Birmanie, exigeons “moins de retenue” de l’Union européenne

En 2003, à la veille de la guerre en Irak, la « vieille Europe » s’était étonnée du suivisme de la « nouvelle Europe » par rapport aux Etats-Unis. Elle n’arrivait pas à comprendre que les anciennes nations communistes puissent faire davantage confiance à Washington qu’à Bruxelles.

Les raisons de cette « connexion américaine » de l’Europe de l’Est sont évidemment multiples, mais parmi celles-ci, une d’elles ressort sans équivoque : les anciens dissidents et opposants estiment que l’appui des Etats-Unis à la démocratisation de l’ancien bloc soviétique a été bien plus résolu que celui des Européens de l’ouest. Pendant que les organisations américaines, officielles ou non-gouvernementales, prenaient clairement leurs distances à l’égard des institutions communistes, des partis et groupes politiques ou syndicaux européens prônaient le dialogue et la détente et veillaient à ne pas s’afficher trop ouvertement aux côtés des dissidents et des démocrates.

Les démocrates birmans risquent de suivre le chemin des Européens de l’Est si l’Union européenne laisse une nouvelle fois l’initiative et le beau rôle à Washington. Hier, le président Bush s’est montré particulièrement sévère à l’égard de la Junte birmane, il a fait de la démocratisation de ce pays un des points clés de son discours aux Nations unies, alors que jusqu’ici, les Européens se sont montrés évasifs et se sont limités à demander de la « retenue » de la part des forces de répression birmanes.
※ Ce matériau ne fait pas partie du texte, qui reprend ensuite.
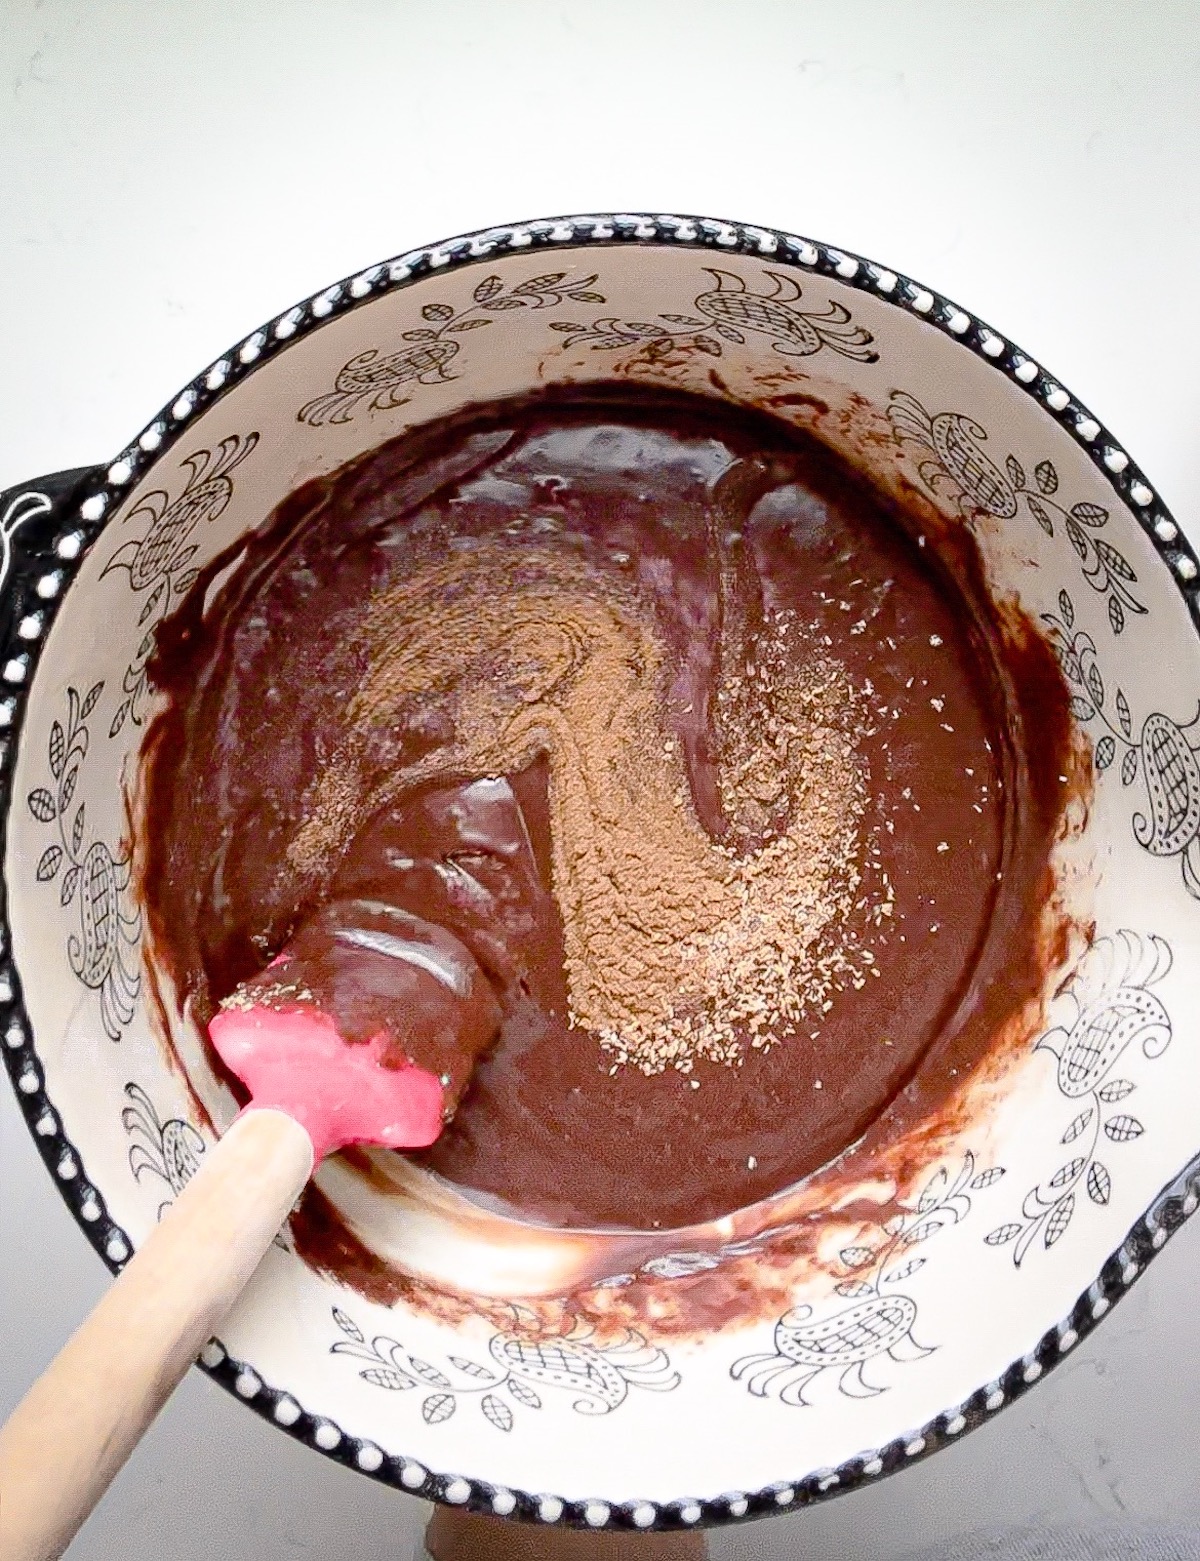 melted chocolate, condensed coconut milk, spices, and salt in a large mixing bowl

La Grande-Bretagne, dont la diplomatie est dirigée par un jeune homme politique particulièrement attaché aux droits de l’Homme, David Milliband, a haussé le ton, pris clairement le parti de Aung San Suu Kyi. Le président Nicolas Sarkozy s’apprête à recevoir à Paris Sein Win, le dirigeant de l’opposition birmane en exil.
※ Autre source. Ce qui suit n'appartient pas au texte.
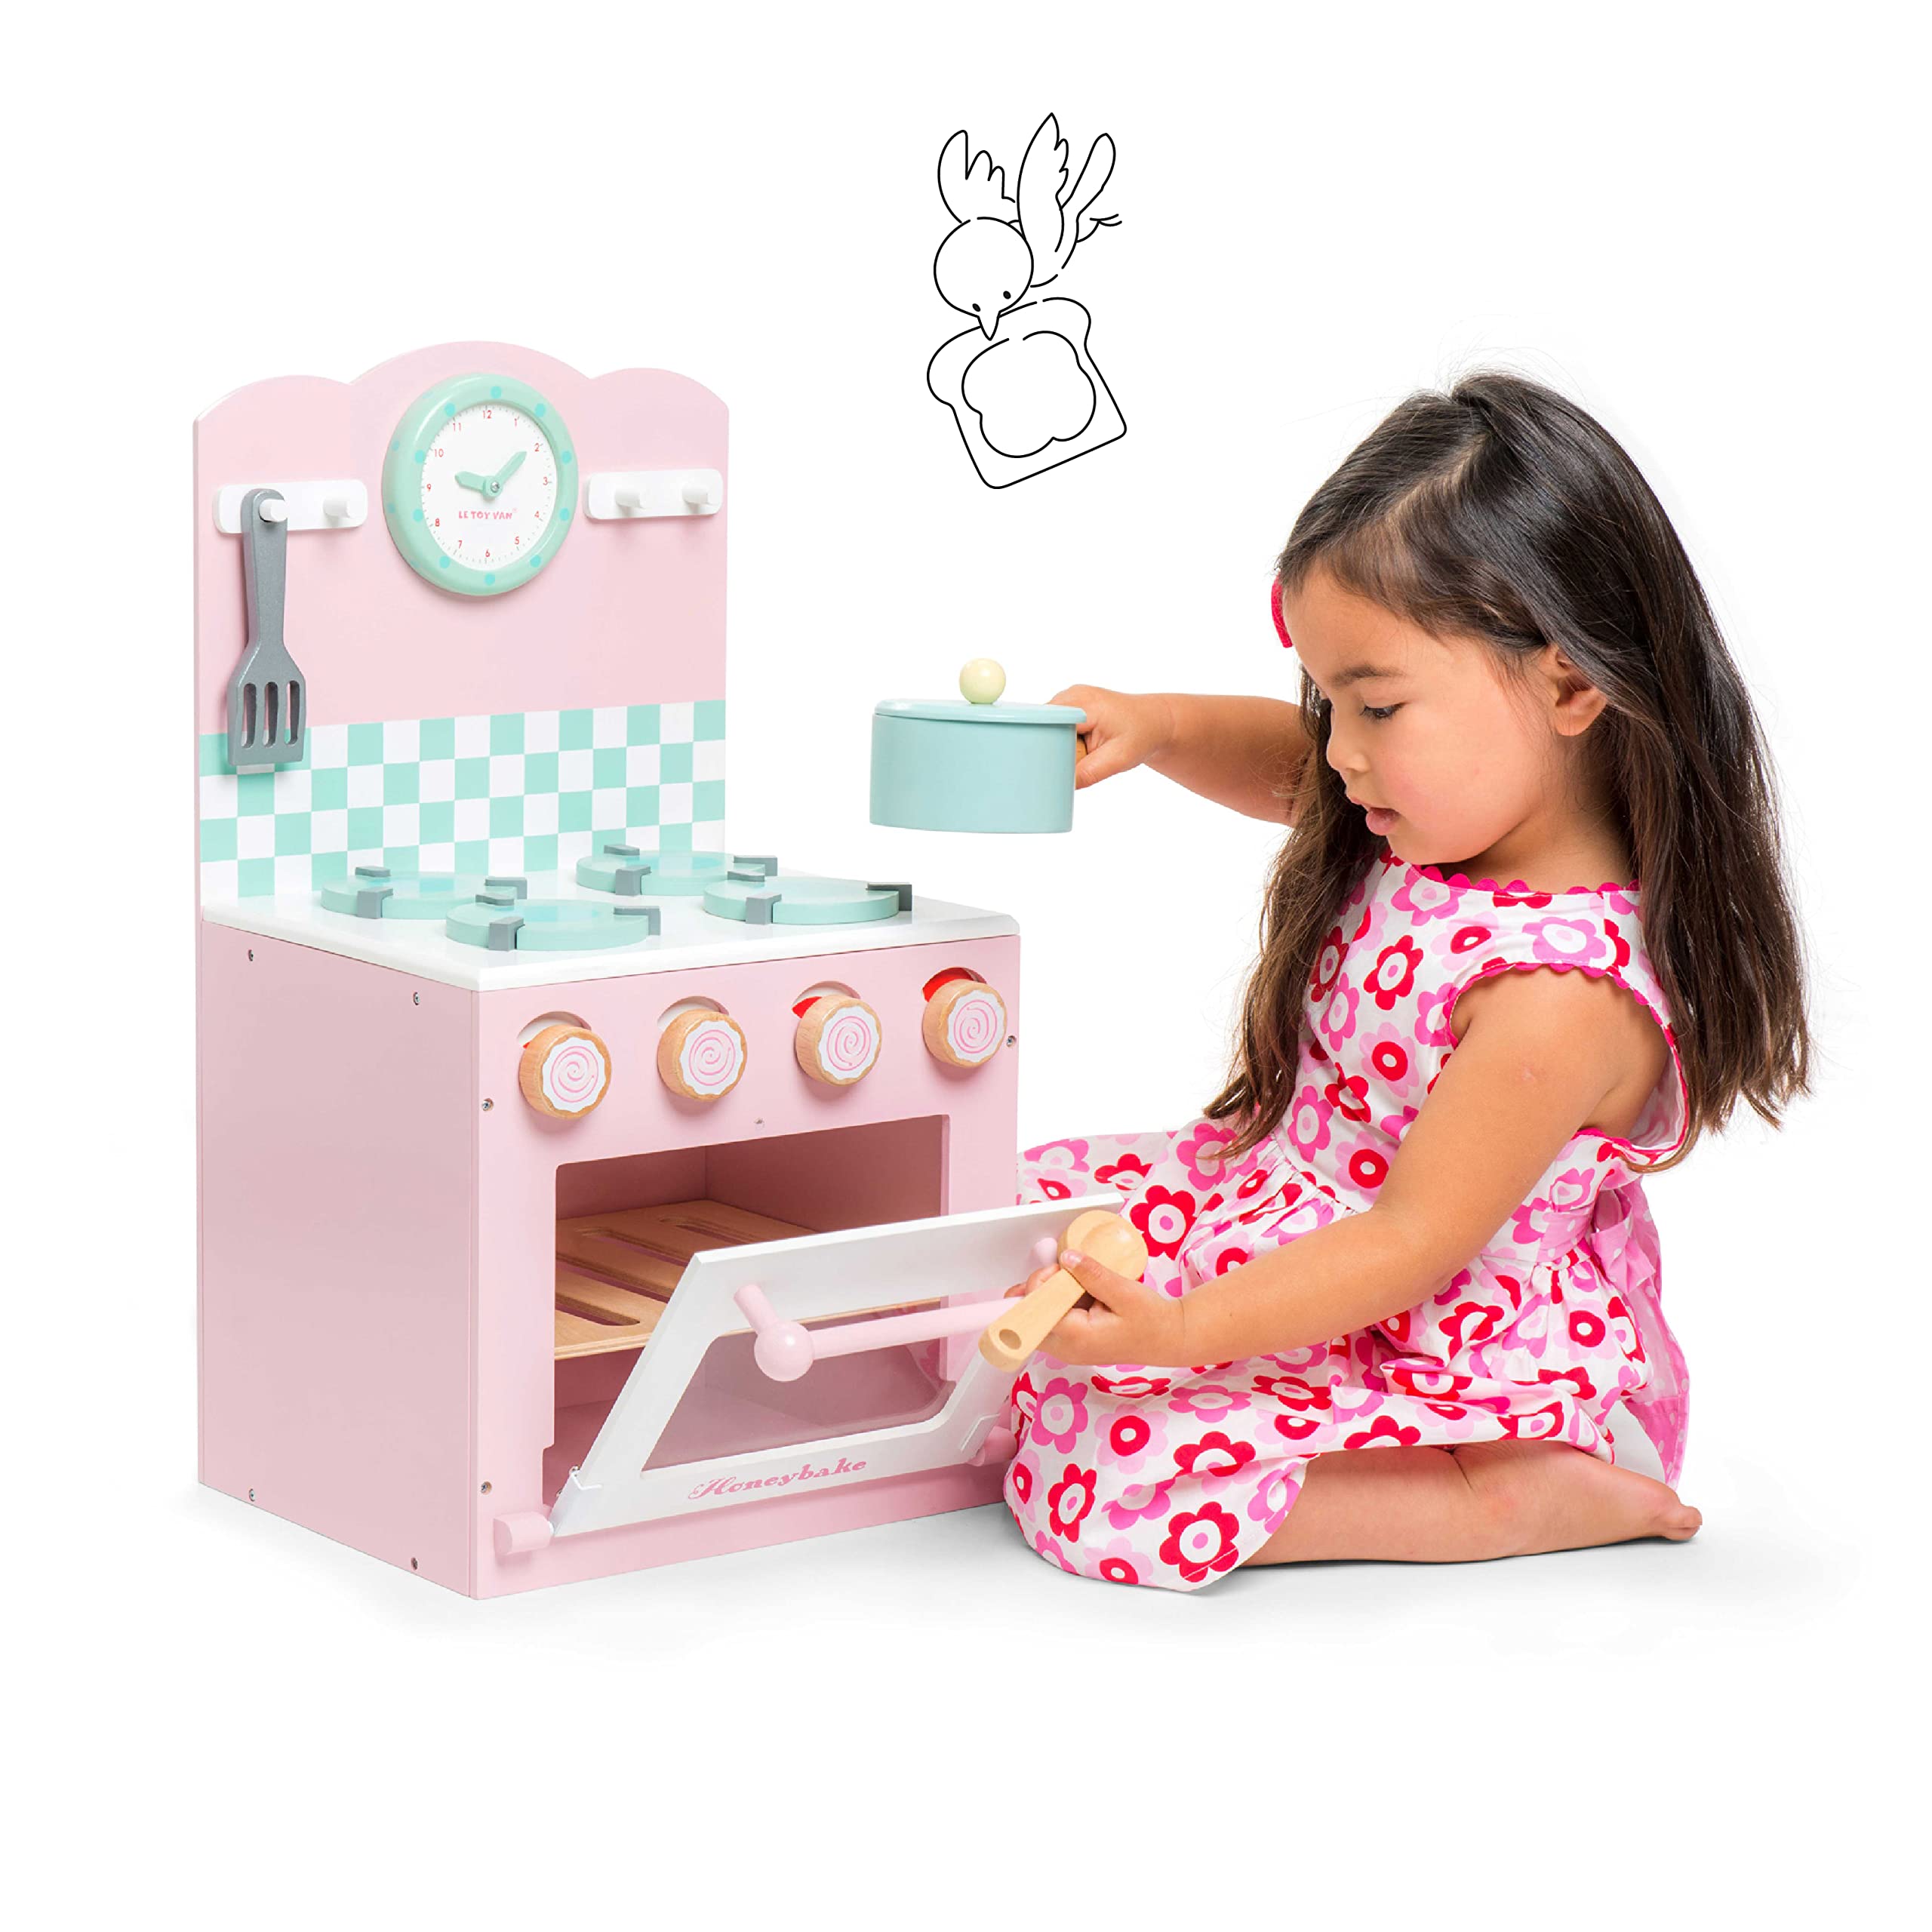 Le Toy Van - Colorful Wooden Honeybake Oven & Hob Pink Set | Wood Pretend Play Kitchen Toy Set | Girls and Boys Role Play Toy Kitchen Accessories

Et la Belgique? Selon Le Soir, “elle s’en tient jusqu’ici à la déclaration des ambassadeurs de l’Union européenne qui ont demandé à leurs experts d’étudier un possible renforcement des sanctions européennes contre la junte“. C’est ce qu’on appelle “réagir avec retenue“.
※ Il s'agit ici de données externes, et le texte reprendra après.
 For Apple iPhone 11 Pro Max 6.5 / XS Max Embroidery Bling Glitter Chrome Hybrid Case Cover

Pendant ce temps-là, l’armée birmane commence, elle, à agir sans retenue…

Comments

2 Responses to “Birmanie, exigeons “moins de retenue” de l’Union européenne”

  1. JCS on septembre 27th, 2007 2:00 pm

    Bonjour,
    A présent c’est au tour de la Birmanie de tuer son peuple. Avant c’était la Chine qui était contre ses propres étudiants. Avant encore c’était le bain de sang au Tibet. Décidément rien ne change. Combien de temps encore l’Europe va t elle mettre pour se décider à prendre clairement position vis à vis de ces criminels ? Et ce cher Monsieur Bush dans tout cela ? Va t il envoyer ses G I pour défendre ceux qui marchent pieds-nus ou va t il prétexter qu ‘il sagit d’une affaire intérieure ? Nous, les européens qui passons souvent pour des gens d’expérience, de sagesse de pondération,devrions vraiment nous y mettre sérieusement. Ayons enfin un peu de courage, osons marquer notre différence.
    Ce n’est pas normal cette attitude de tiedeur éternelle. montrons au monde que nous existons et que nous savons ce que nous voulons, disons ce que nous pensons. cessons d’être timide ou hypocrite.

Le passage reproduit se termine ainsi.